The other problem is, is when you get censored on the internet, or you get permanently banned on social media when you were a victim of a vaccine injury or a doctor trying to report what you were seeing in your patients from vaccines. This chart right here, this represents vaccine reports from all vaccines since 1990. 34 years. This represents reports on the COVID-19 vaccines since December of 2020, less than four years. Something’s wrong with the vaccines. And just because people are walking around, and they’ve been vaccinated, and they’re not reporting a problem, doesn’t mean other people aren’t having problems. And this has been virtually ignored, so much so, not only has it been ignored, it’s also been censored and banned and labeled misinformation.”

Rep. John Joyce (R-Pa.), M.D., emphasized the importance of preserving the doctor-patient relationship in times of medical crisis to ensure open communication surrounding vaccines and vaccinating children.

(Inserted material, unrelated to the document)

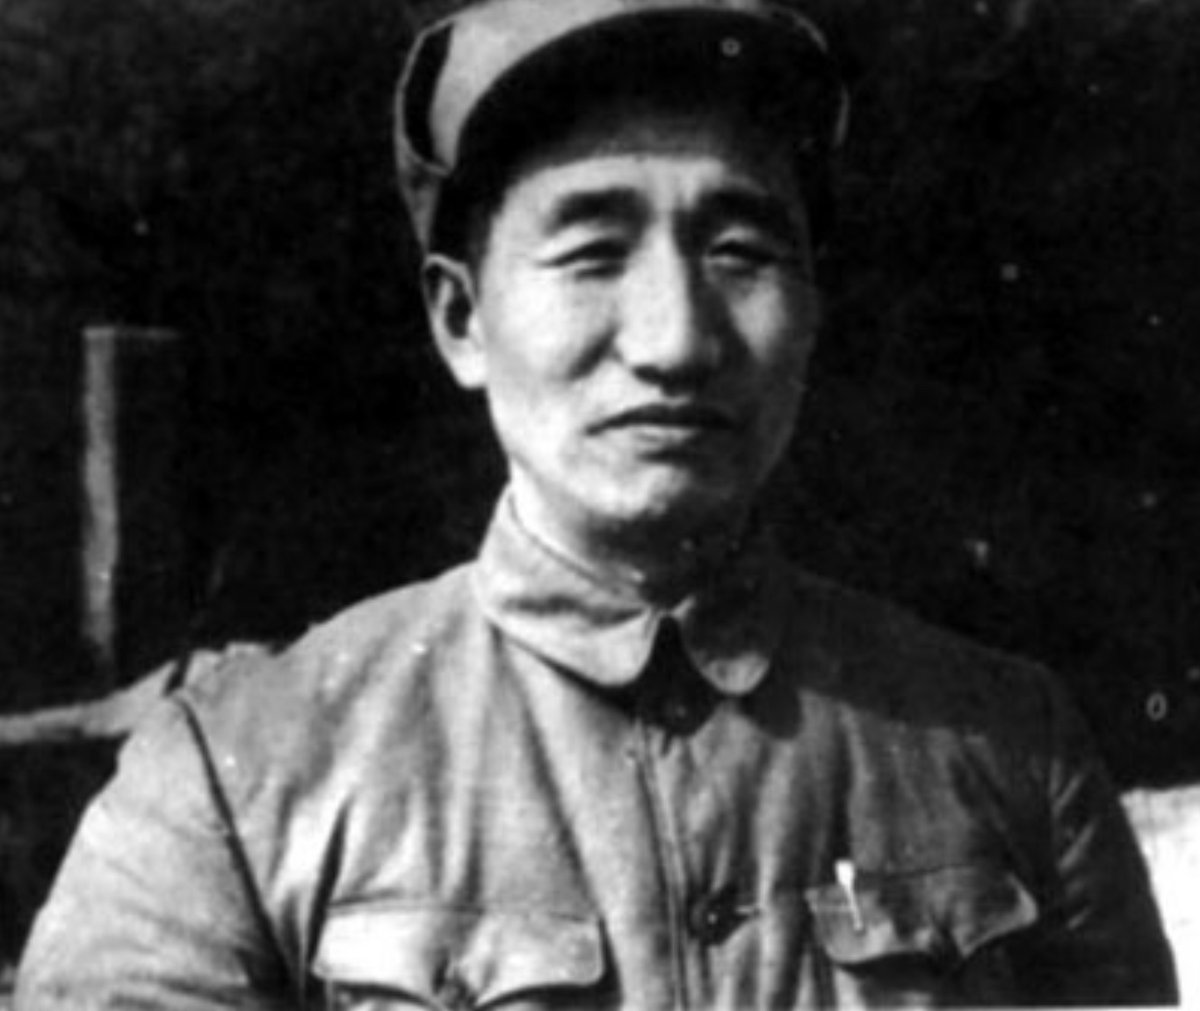 36) Xu Xiangqian, communist commander who defeated his former military school principal Yan Xishan in Battle for Taiyuan of 1948-49, bloodiest battle of the Civil War, incurring 45,000 killed and wounded in process. Later planned 1979 Sino-Vietnamese War. https://twitter.com/simonbchen/status/1294469935318487040?s=20

Rep. Joyce: “Can you speak about the benefits of ongoing and effective communications for physicians on the front line and those who are responsible for providing health care guidelines?

Dr. Whelan: “I run a center at UCLA dealing with children who have neuroimmune problems, so I see a lot of kids that have autism and OCD and tic disorders. And so, I’m confronted constantly with this question, you know, should my child be vaccinated? And I also have a lot of kids in our practice who have not been vaccinated at all. So, it’s really an interesting balancing act because on the one hand, I want to be sensitive to the concerns that these families have. I also want to express sensitivity to the fact that we really don’t know a lot about where autism comes from.

You have to be able to communicate to people that things like measles have the capacity to permanently damage the immune system of that child and could potentially kill them.